_STUDY MATERIAL_:
####################
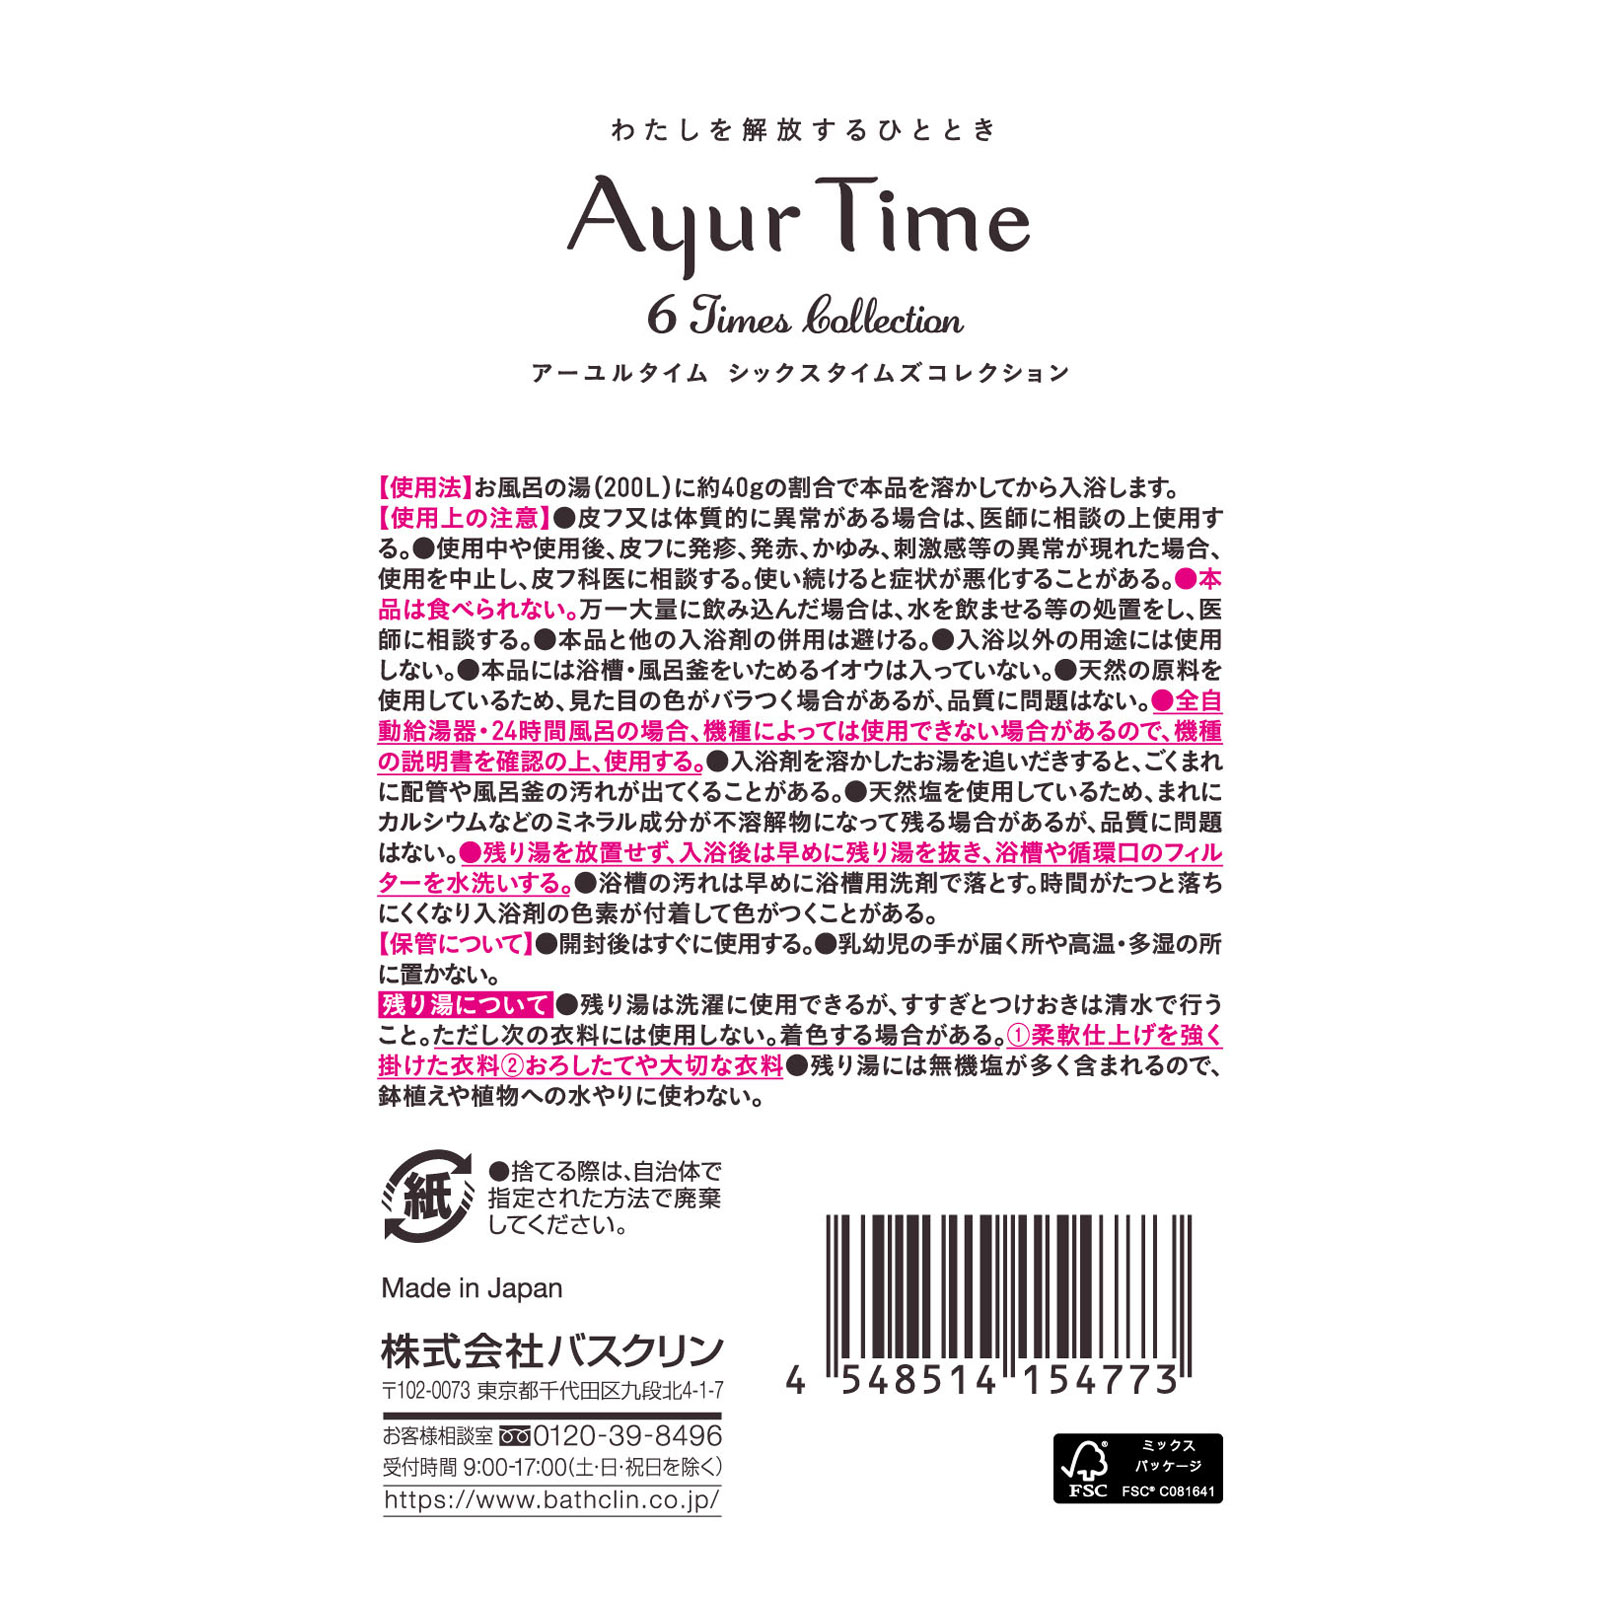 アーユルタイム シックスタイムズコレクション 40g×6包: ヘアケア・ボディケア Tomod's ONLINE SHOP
####################
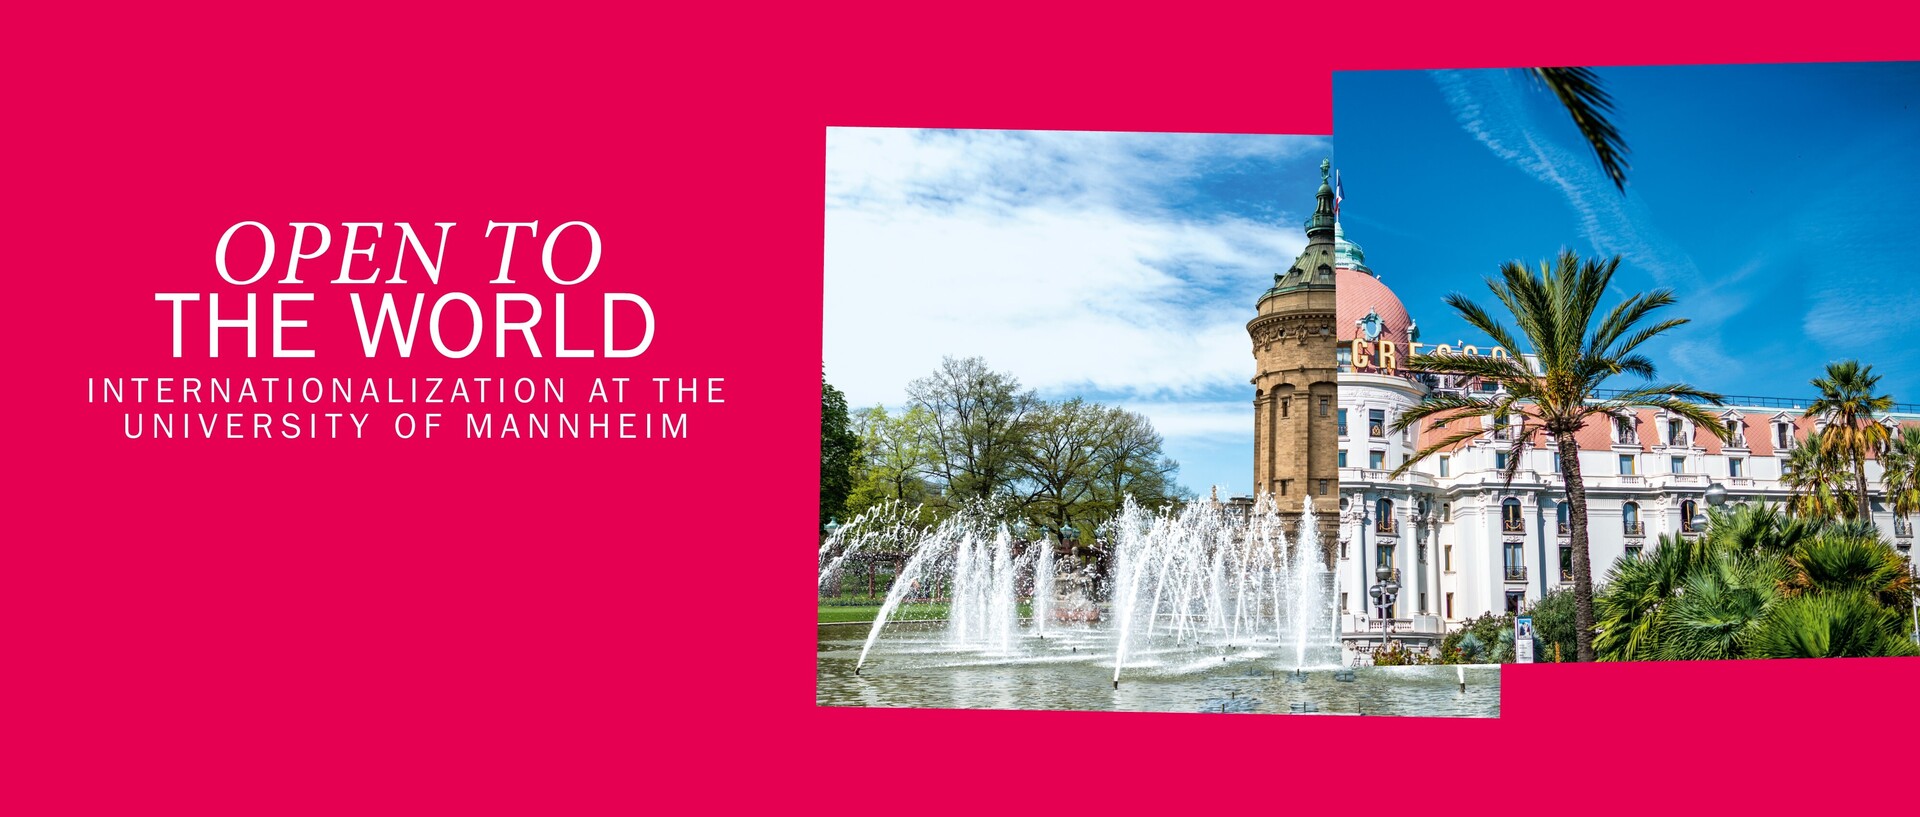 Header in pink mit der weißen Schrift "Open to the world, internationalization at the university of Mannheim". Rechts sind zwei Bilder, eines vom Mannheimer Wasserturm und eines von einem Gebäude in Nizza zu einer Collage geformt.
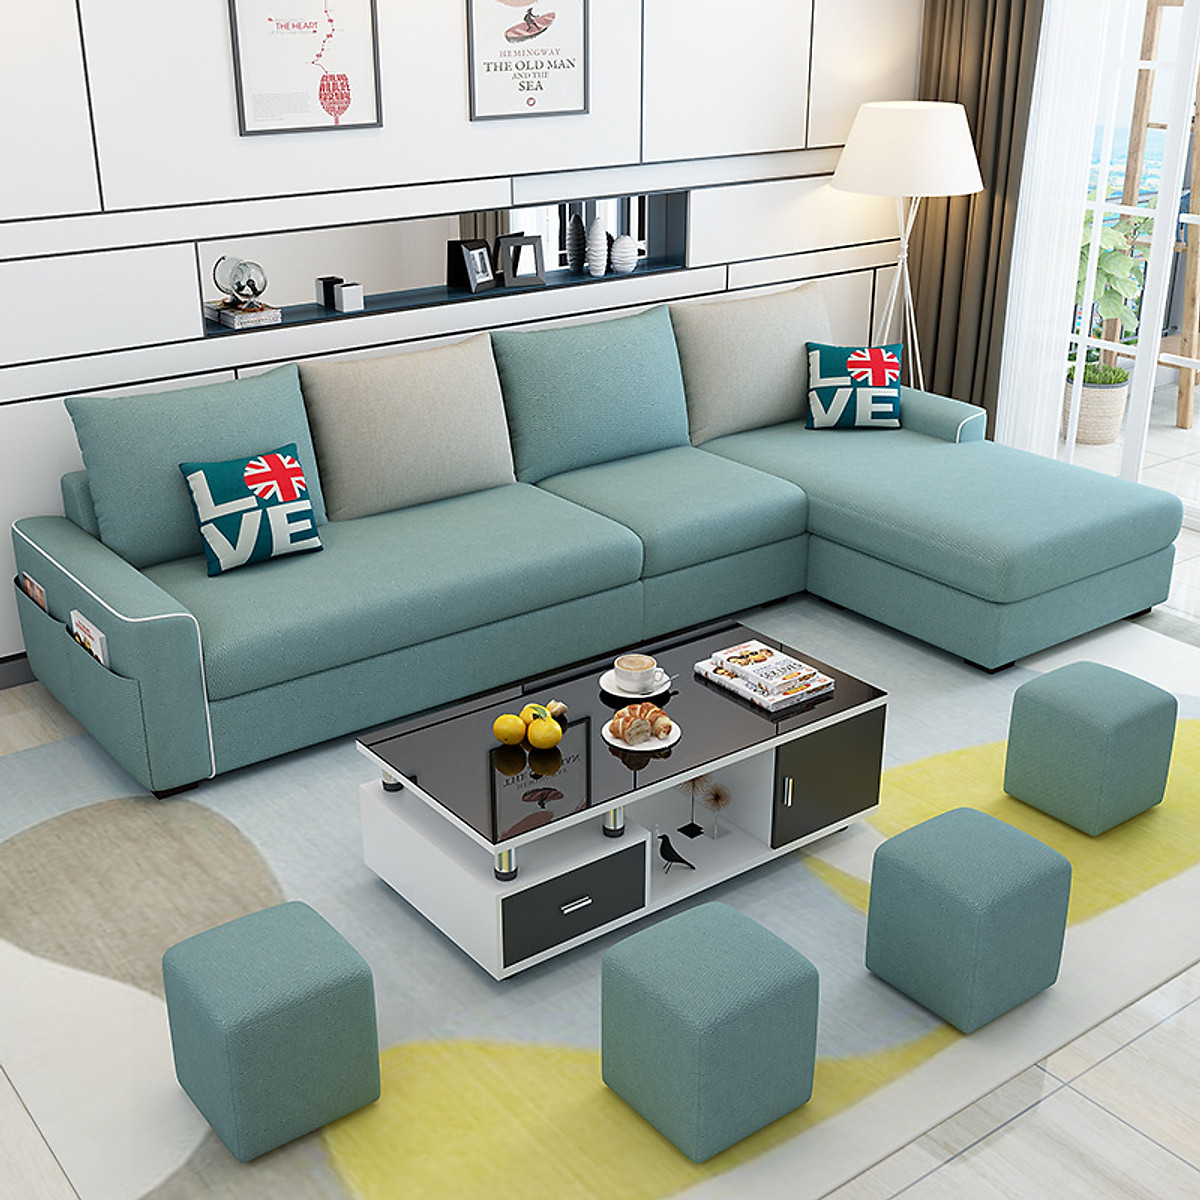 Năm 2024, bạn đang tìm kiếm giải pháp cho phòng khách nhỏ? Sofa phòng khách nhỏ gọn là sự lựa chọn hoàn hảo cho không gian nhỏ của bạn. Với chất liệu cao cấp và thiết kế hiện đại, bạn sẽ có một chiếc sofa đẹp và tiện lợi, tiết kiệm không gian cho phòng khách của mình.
####################
_PROBLEM STATEMENT_: Of the lines above, quote exactly those from the one with "Header in pink" through the one with "Năm 2024, bạn", ends included; pictures stay out.

_WORKED SOLUTION_:
 Header in pink mit der weißen Schrift "Open to the world, internationalization at the university of Mannheim". Rechts sind zwei Bilder, eines vom Mannheimer Wasserturm und eines von einem Gebäude in Nizza zu einer Collage geformt.
 Năm 2024, bạn đang tìm kiếm giải pháp cho phòng khách nhỏ? Sofa phòng khách nhỏ gọn là sự lựa chọn hoàn hảo cho không gian nhỏ của bạn. Với chất liệu cao cấp và thiết kế hiện đại, bạn sẽ có một chiếc sofa đẹp và tiện lợi, tiết kiệm không gian cho phòng khách của mình.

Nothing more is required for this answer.